Directions: The expected result is an exact restatement of the data, free of pictures.

Input data:
┌──
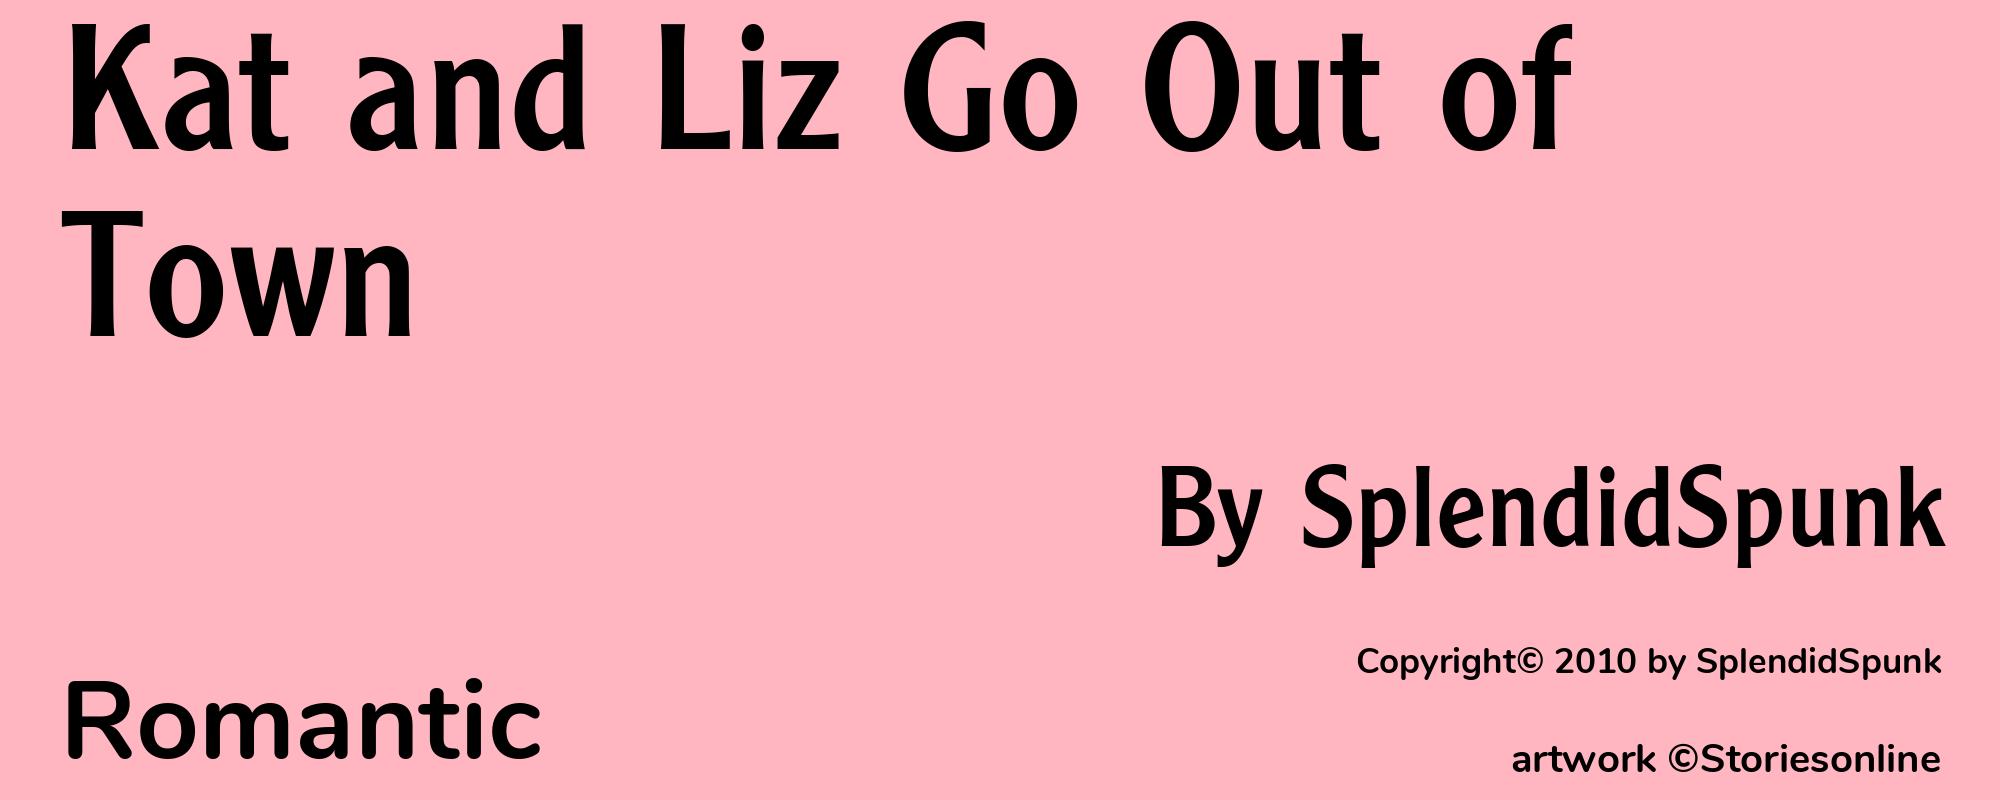 Kat and Liz Go Out of Town - Cover
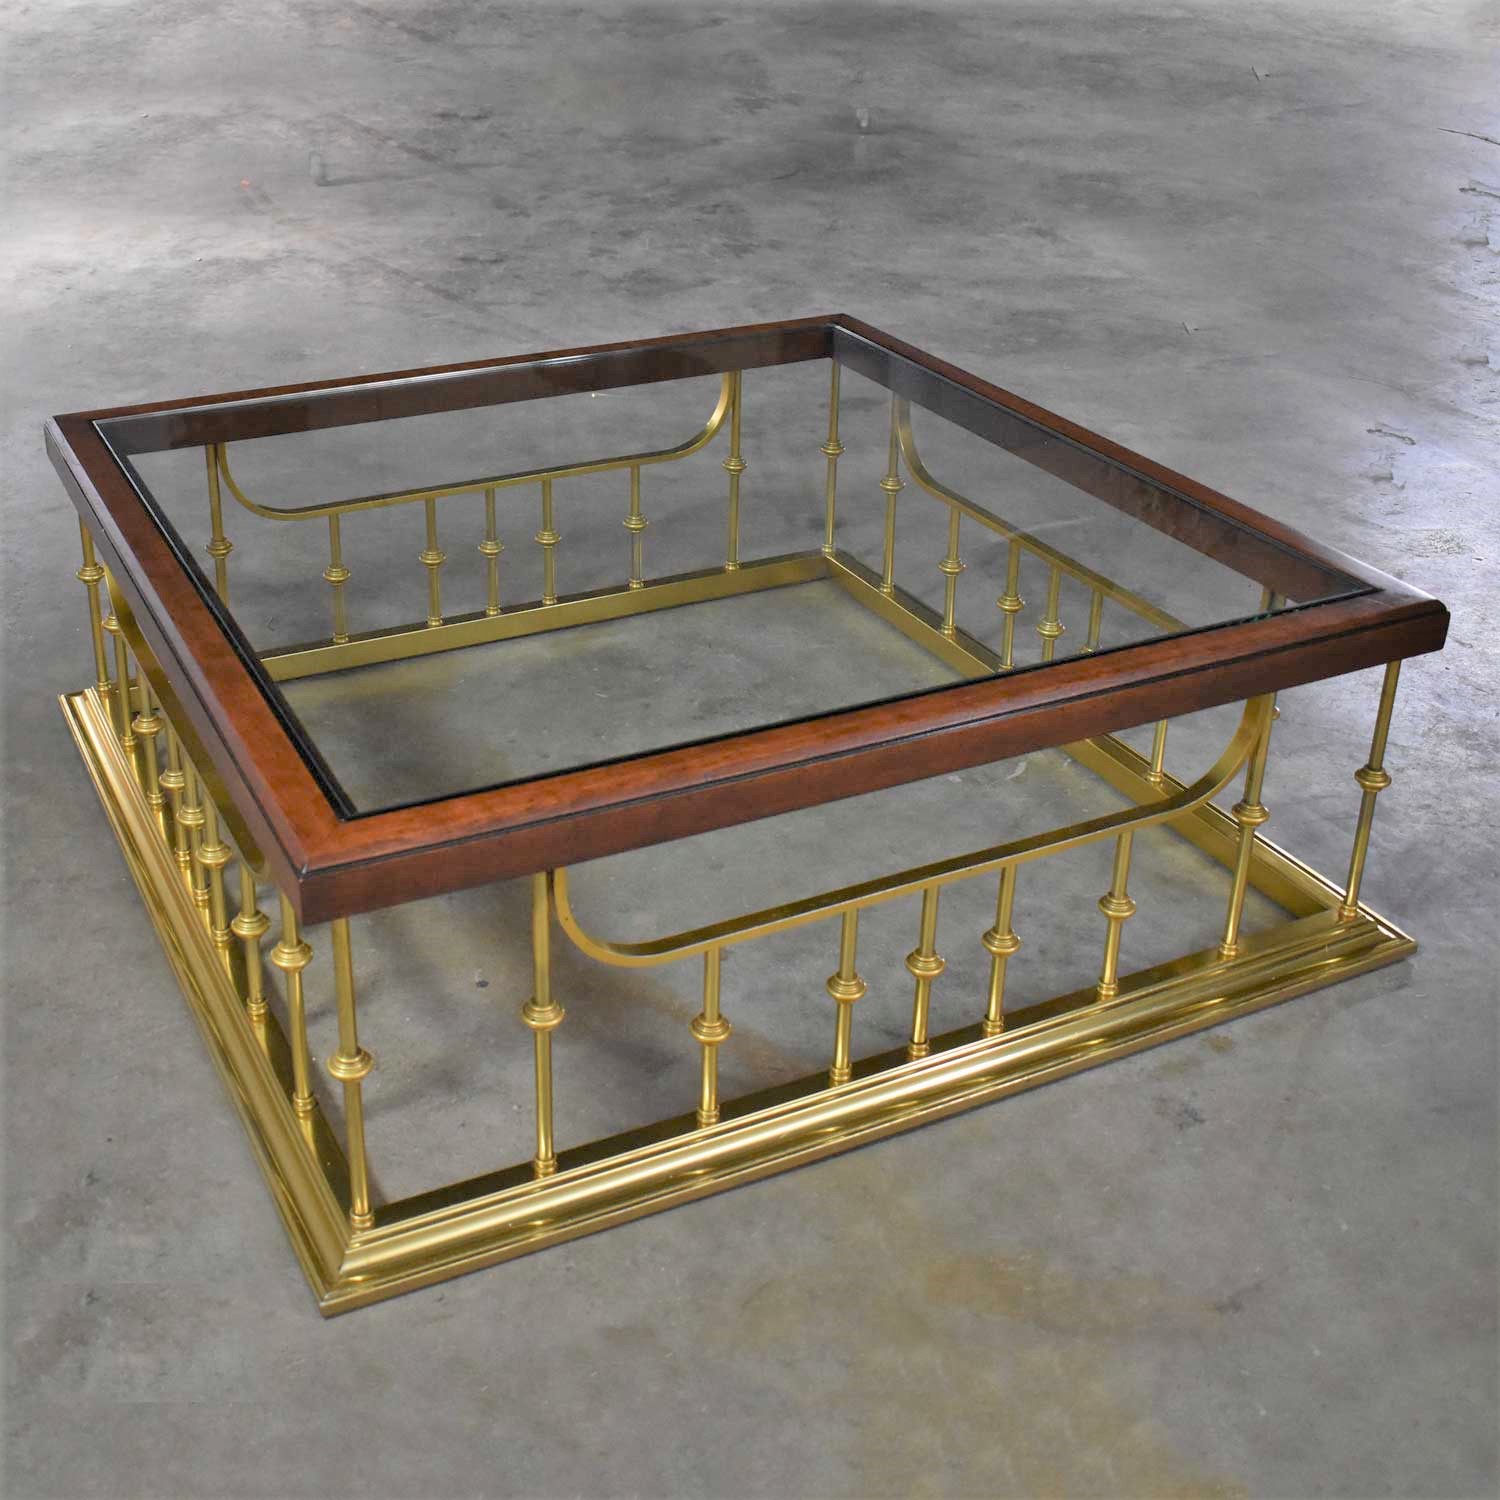 Brass Plated Glass Wood Fireplace Fender Style Large Square Coffee Table Erwin Lambeth Attr.
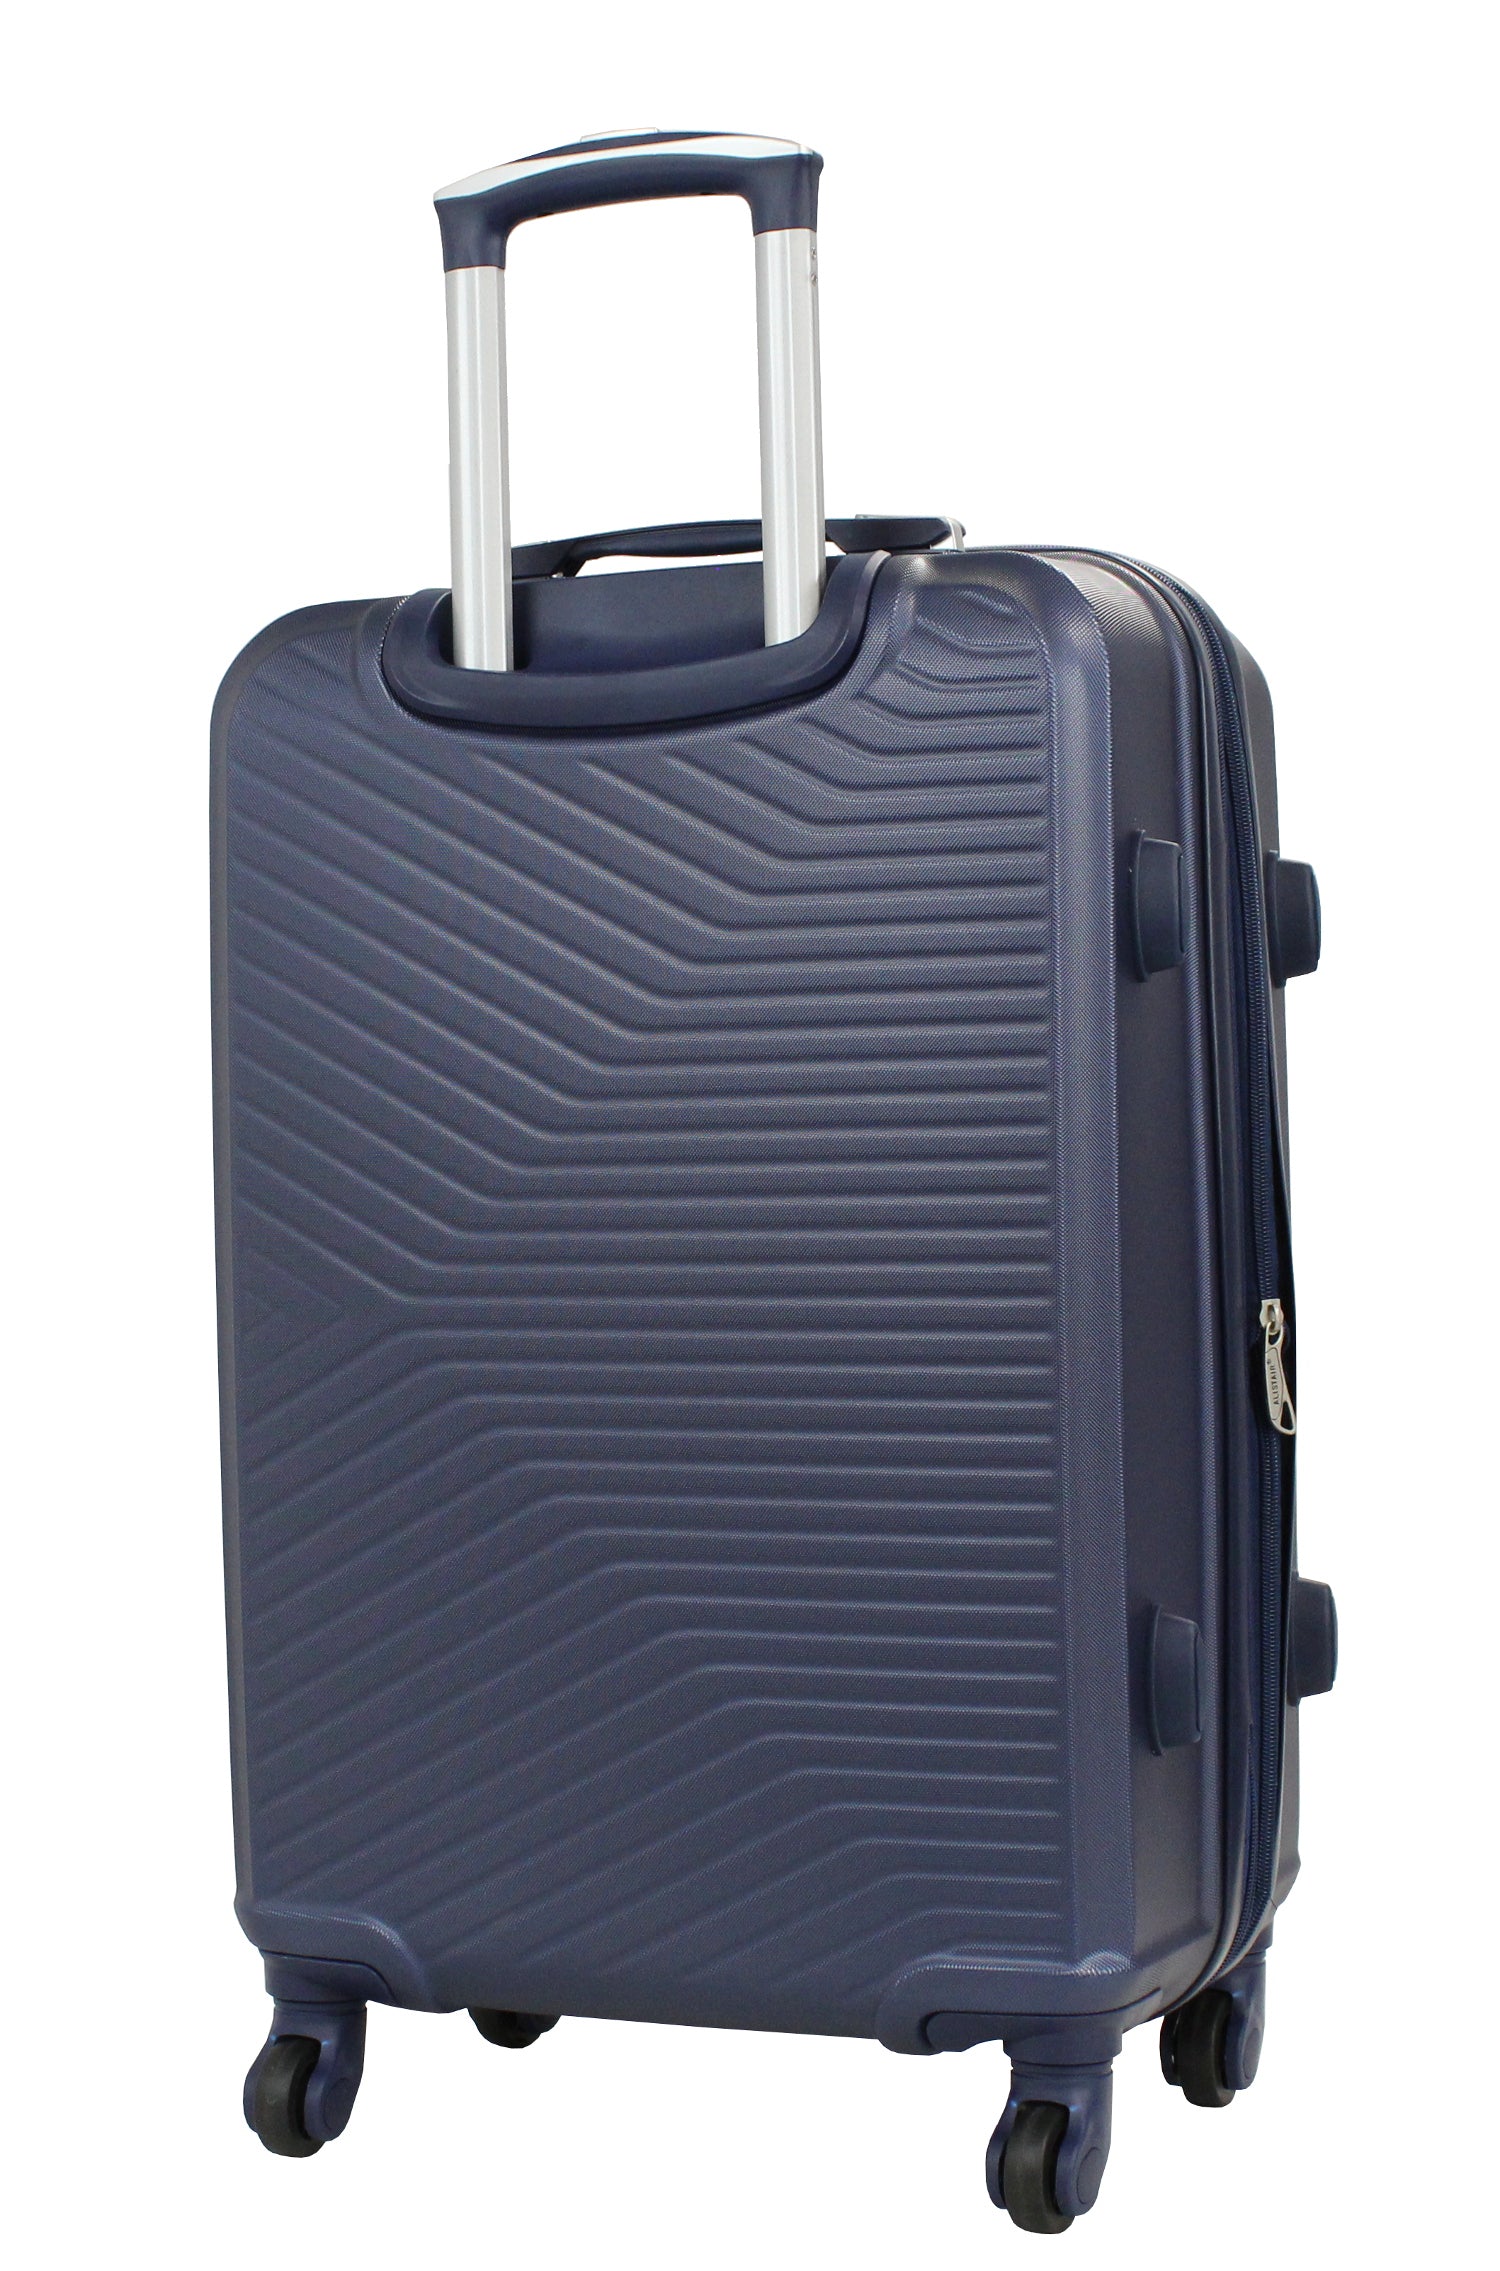 Alistair "Iron" Valise Taille Moyenne 65 cm
└──
Response area:
 Kat and Liz Go Out of Town - Cover
 Brass Plated Glass Wood Fireplace Fender Style Large Square Coffee Table Erwin Lambeth Attr.
 Alistair "Iron" Valise Taille Moyenne 65 cm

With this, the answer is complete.